In January 2007, relocation negotiations began between the residents who remained in Daechu-ri Doduri and the government. The candlelight vigils by residents that began on September 1, 2004, ended on March 24, 2007, after 935 days, and in April, the residents moved out of the village and moved to temporary residences, completing the forced eviction by the Ministry of National Defense.

== Controversy ==
There is a claim that anti-American activists, etc., who were not actual residents, took the lead in protesting against the relocation of the Daechuri US military base, such as moving their addresses to the empty houses of residents who had moved after the decision to relocate the base to Daechuri and the conclusion of a compensation agreement with the Ministry of National Defense.

Some people who opposed the relocation of the Daechuri base also damaged vehicles belonging to residents who had reached a compensation agreement with the Ministry of National Defense.

At the time, there is a claim that the protesters were armed with spears and Molotov cocktails and threatened and attacked the police and military units, making it inevitable to suppress them by force, and as a result, many people were injured among the military, police, and protesters.

== Compensation ==
The land for which compensation agreements were not reached in Daechuri accounted for 21% of the total land to be purchased, and 79% was agreed upon by residents.

The average compensation for residents of Daechuri and Doduri was 600 million won (530 million won for Daechuri and 660 million won for Doduri).

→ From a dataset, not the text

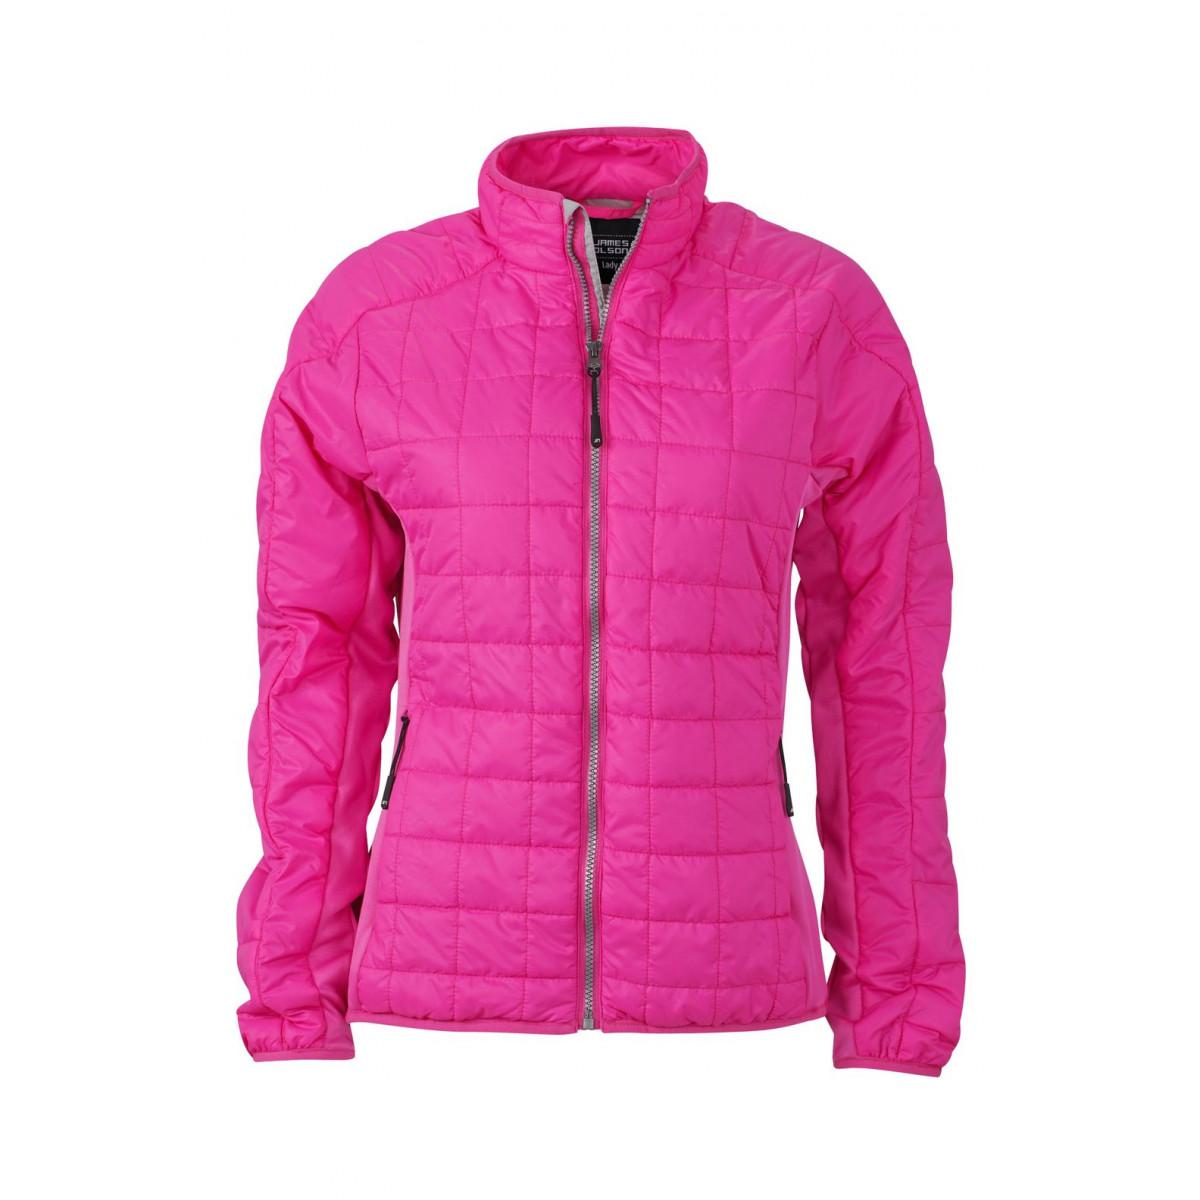 Куртка женская JN1115 Ladies Hybrid Jacket - Розовый/Серебряный

The compensation for the 10 or so key executives of the Pyeongseong Countermeasures Committee was a maximum of 2.79 billion won, a minimum of 620 million won, and an average of 1.92 billion won.

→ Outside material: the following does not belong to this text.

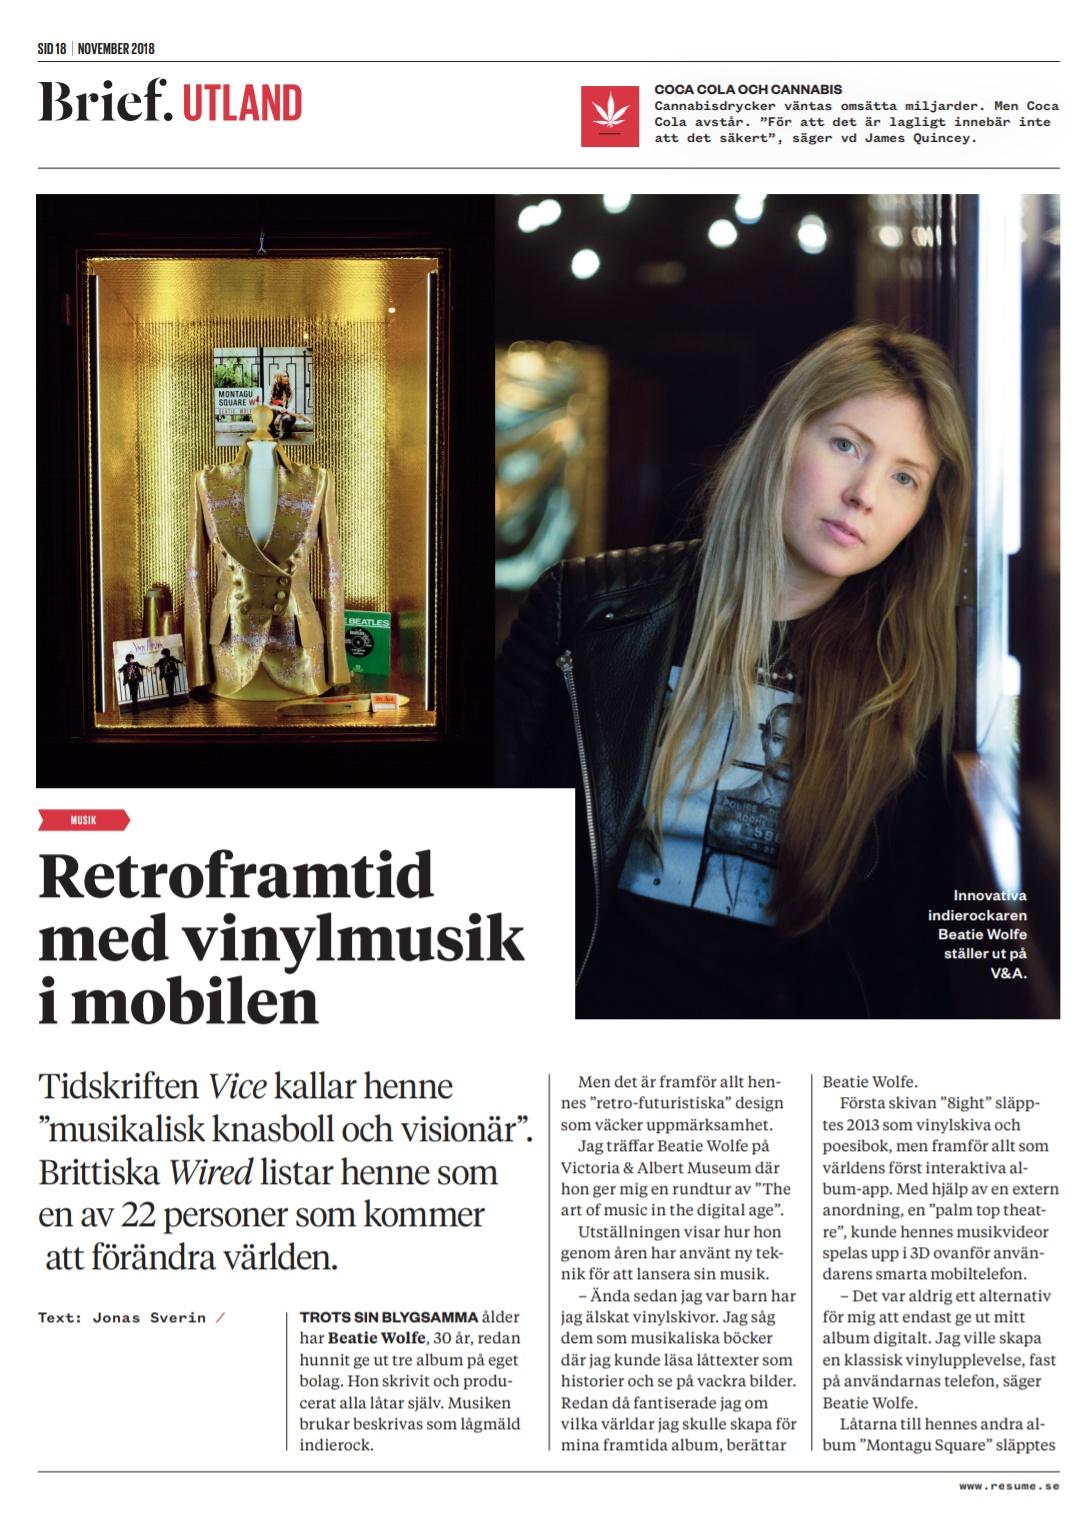 Resume Magazine (Sweden) on Beatie Wolfe p.18

On the other hand, some residents of Daechuri say that the Ministry of National Defense is inflating the compensation

== Problems with some of the compensation agreement conditions not being fulfilled ==
Daechuri residents were promised that they would be able to continue to use Daechuri as the administrative name of the Nowai Housing Complex where they moved, but the administrative name change was not made due to opposition from Nowai 2-ri residents. The residents of Pyeonghwa Village filed an administrative lawsuit demanding the administrative name change, but lost. In addition, the government promised to give them the option to choose the location of commercial buildings when a new city is built in Pyeongtaek, but during the construction of Godeok International New City, LH did not keep this promise and proceeded with the sale. Residents won the lawsuit regarding the right to choose the location in the first and second trials. Since the commercial land has already been sold and developed, Daechuri residents are currently in the process of filing a separate lawsuit for damages.